Aquaman review

Hey, remember when every threw a fit over this image?


Yeah, let’s just all try to chill out about movies until we see them, okay?

DC Films has been making their case for solo superhero films since 2013’s Man of Steel. What works for that film in terms of the fabled shared “cinematic universe” that is unfairly required by fans nowadays, is the fact that you had a movie that was a story of a single individual that took place in this huge world that would reference both people and places that screamed DC.

While Aquaman is very much a sequel to Justice League, it is it’s own film and doesn’t rely on the whole shared universe that is popular today. While there is a single reference to the Justice League, this is a film about Arthur Curry’s rise from common man to Atlantean King.


While many people may have scratched their heads and wondered why Aquaman would get his own solo film, I was wondering just how seriously this film would take itself. I was worried that it wouldn’t be able to make the fictional, underwater kingdom of Atlantis a world I could believe in, and at a certain point, the movie showed me a world that I know doesn’t exists (right?), but then showed me that the characters not only believed in heir world, but were willing to fight and die for it, and I was sold almost immediately.

The thing that I love about DC films, the thing that separates them from the rest of the comic book movies out there, is the fact that no matter how unbelievable the situation, world, character or storyline may be, you as a viewer never question it, because the characters never question it.  I mean, seriously, a man wearing orange and green armor is going to unite the seven seas and stop a war with the surface world with the help of armored great white sharks, massive sea horses and a magical trident…seems legit.

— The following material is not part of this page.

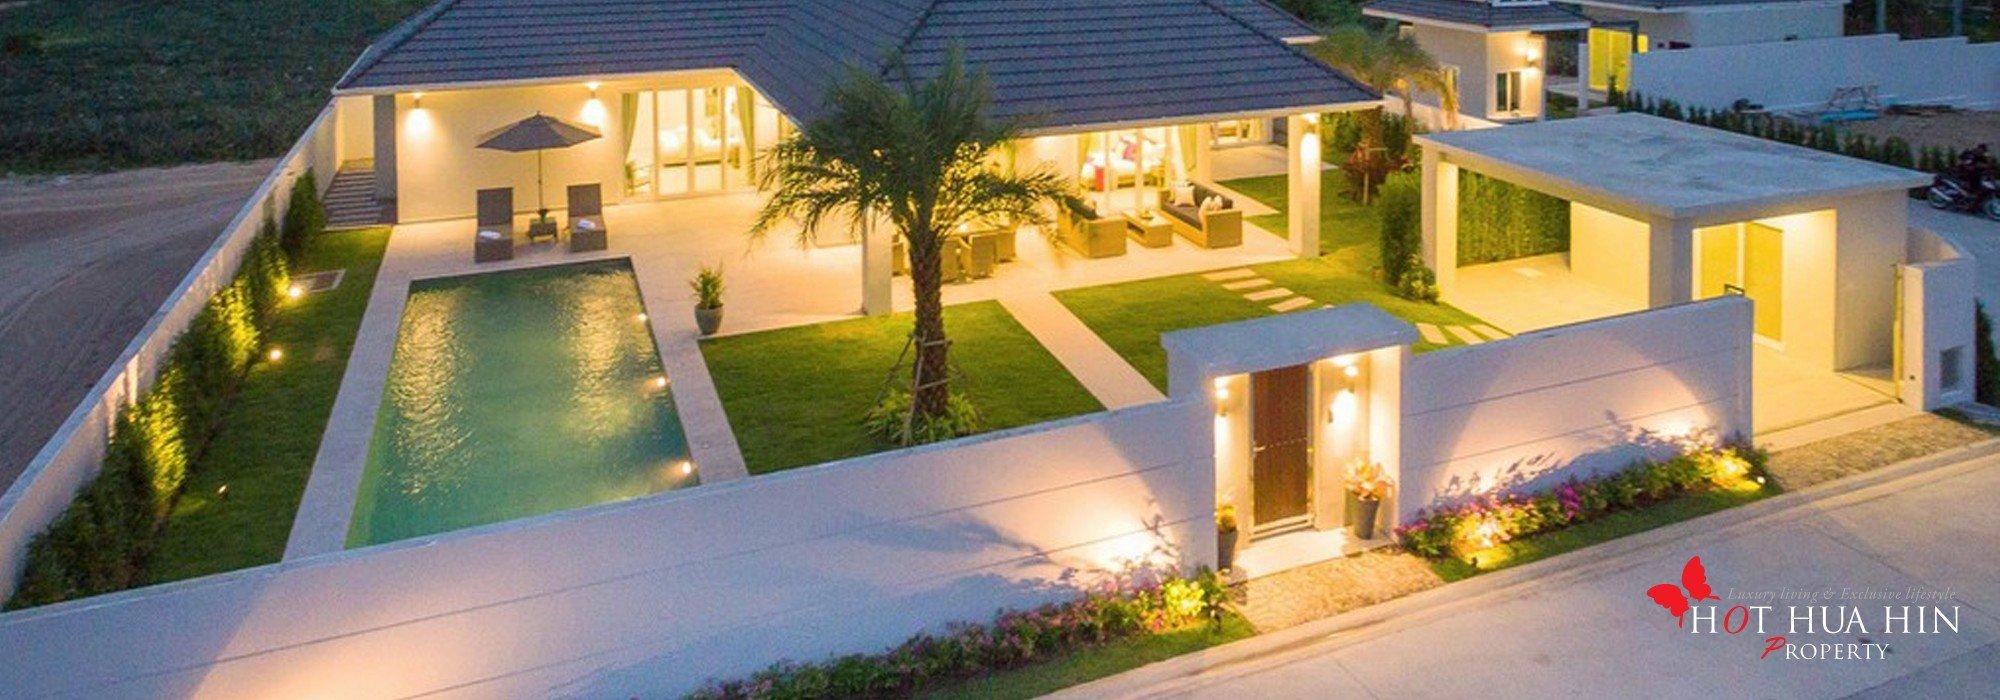 Baan Phu Thara, Hua Hin's fullest featured development

Aquaman himself, Jason Mamoa, grabs the spotlight and runs with it in this film. I was worried about his ability to carry his own film, especially a film of this size, because I am the one guy on the internet that has not seen anything from him outside of Justice League. But it was surprising to see that Aquaman is not just another “bro” put onscreen. That persona is really the viewers fault, as Arthur Curry is a man that doesn’t believe in his own worth as a potential king. Which, as the movie points out, is the very reason he is meant to be king. And Jason Mamoa really pulls off the vulnerability that I have never seen from Aquaman in the comics…not that I’ve read that many Aquaman books. But with this film, I really related to Aquaman’s lack of confidence in the film, and I was constantly surprised by his own ability to adapt and overcome.

While this is Mamoa’s film, the cast is bolster by some impressive actors. While stars like Djimon Hounsou and Willem Dafoe never disappoint, I was impressed to find that there wasn’t a single weak link in this film. Amber Heard as Mera is not just a strong female character for the sake of being a strong female character, she is royalty that see that Atlantis needs change and is willing put put her life on the line to see that the true king is placed on the throne. She’s not serving a person, but n entire nation with her actions.


Patrick Wilson kills it as Ocean Master, being equal parts misguided king, arrogant d-bag and power-hungry soldier. At the same time, Yahya Abdul-Mateen II as Black Manta takes a ridiculous looking character and gives him real depth, anger and purpose while having very limited screen time.


And on top of all of this, Dolph Lundgren makes a great case for being cast as King Randor in the eventual He-Man movie.

Plus, I have to tip my hat to director James Wan for filming crazy action that may emulate a space opera, but is presented in away that makes it feel fresh as well as unique. And holy crap and I happy that he shot the action in a way that didn’t feel clumsy or lost. Honestly, I never questioned his ability to film action. All you need to know about James Wan’s eye for action is found in his film Death Sentence. No, my fear was his ability to capture the scope of Aquaman’s world, and he did it. There is no other way to explain how much James Wan nailed the look and feel of Atlantis an Aquaman film as a whole.

While this movie may just be a glorified fetch quest to find an enchanted King’s weapon, it works because it harkens back to the adventure movies we all loved as kids. This movie has more in common with Indiana Jones than it does Superman, and I for one am so happy about that. This film reminds us why solo superhero films that are also (gasp) origin stories can and do work. Aquaman didn’t need to rely on the gimmick of continuity, or shared universes. It had a simple story that was surprisingly relatable. I don’t relate to Batman, but I want to be like Aquaman. This film does what Wonder Woman did last year. It showcased a good person rising to the challenge of an oppressive world that may reject them. It shows a hero fighting for nothing more than what they think is right.

Say what you will about DC films, but what I love about them is that they’re not afraid to put the emphasis on the hero part of that word.


Aquaman hits theaters on December 21st.